He grins. ‘And that’s only the first one. We have like twenty more. I don’t think I’ve ever been this happy in my life.’

I smile at his grin, wide and unguarded as he roots around in the basket for another piece of cake. I’m sure we were meant to eat the sandwiches first, but his enthusiasm for cake is catching.

‘Eating cake with you on the seafront is becoming a bit of a habit lately,’ I say as I bite into another piece, watching Ro as he tries to be more refined this time and breaks pieces off the cake and puts them into his mouth.

‘Well, I like cake, I like seafronts, and I like you, so why not?’ he says with a shrug.

I go hot all over and I’m really glad I’m already sitting down. ‘I thought you thought I was a crazed wedding-obsessed… whatever the equivalent to a bridezilla is when someone isn’t actually a bride?’

He laughs. ‘Life would be boring if we all liked the same things.
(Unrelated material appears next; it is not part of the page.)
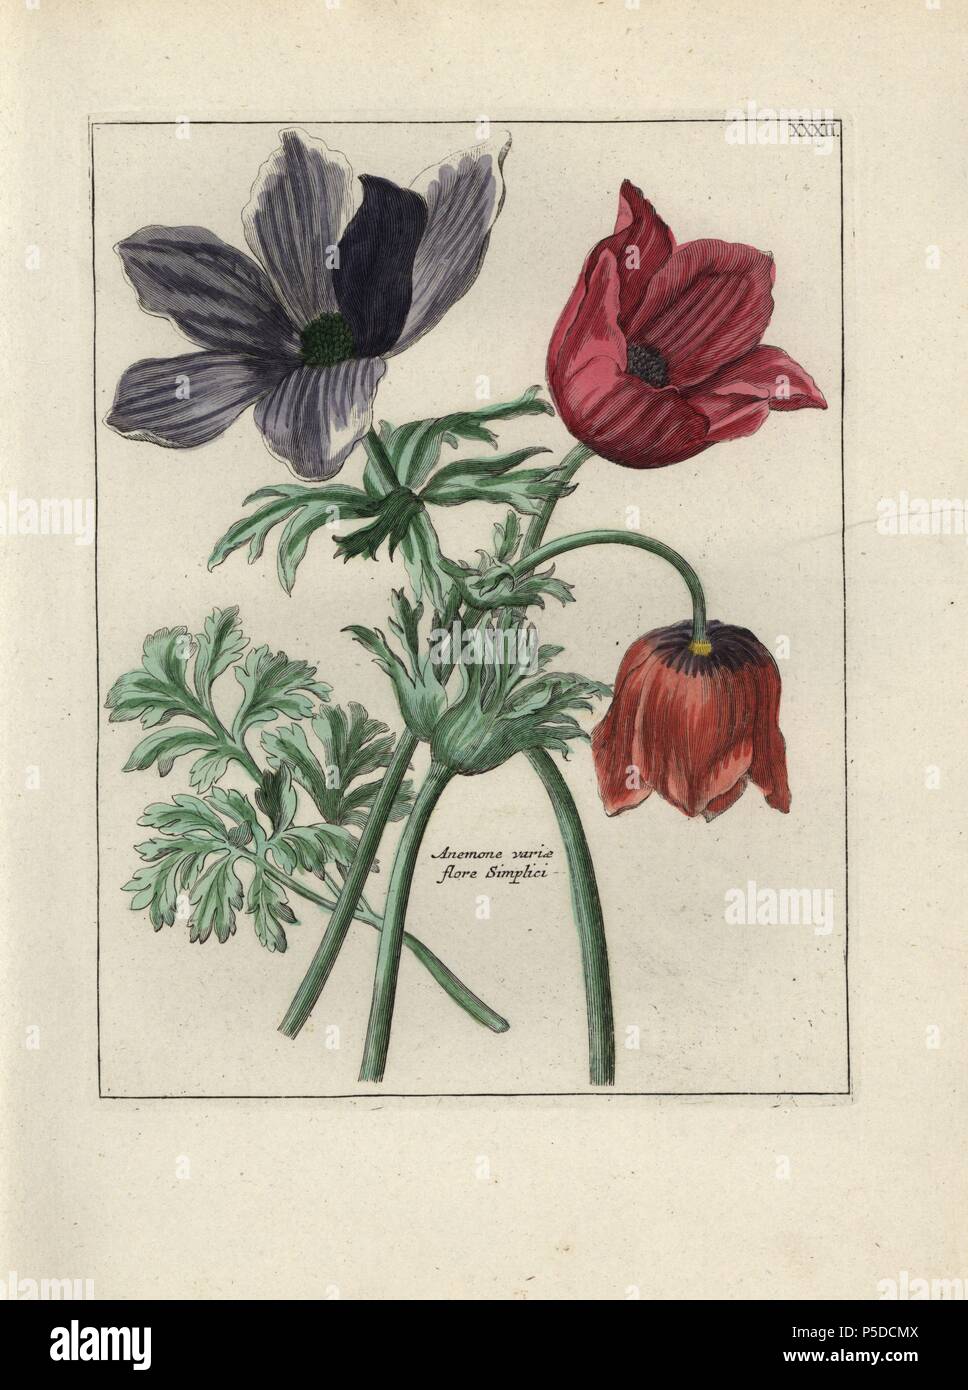 Anemone varieties, Anemone varie flore simplici, and leaves. Handcoloured copperplate botanical engraving from 'Nederlandsch Bloemwerk' (Dutch Flower Arrangements), Amsterdam, J.B. Elwe, 1794. Illustration copied from a work by one of the outstanding French flower painters of the 17th century, Nicolas Robert (1614-1685), entitled 'Variae ac multiformes florum species... Diverses fleurs,' Paris, 1660. Stock Photo

I don’t believe in love, I definitely don’t believe in the church of no-divorces, and I hate weddings, but good for you if they make you happy. We can like different things and have different opinions and still be friends, can’t we?’

‘Of course,’ I say, still surprised by how openly he gives compliments. It’s kind of refreshing to meet someone who is so straightforward, especially when he’s so guarded about everything else.

‘So what is it with you and wedding dresses then?’ Rohan asks, popping another square of cake into his mouth without even reading Carol’s handwritten label.

‘What do you mean?’

‘I don’t know, really. You have one as your Twitter icon and you seemed upset when you came out of the shop earlier… I just wondered if everything was okay?’

‘Yeah,’ I say, taken aback that he noticed I was upset earlier. I thought I’d hidden it well enough.

‘Were the dresses in there that ugly?’

I laugh. ‘No. They were beautiful. Well, most of them. There were some that must’ve taken their inspiration from a toddler’s dressing up box, but still. No, it just… reminds me of how unmarried I am, I guess.’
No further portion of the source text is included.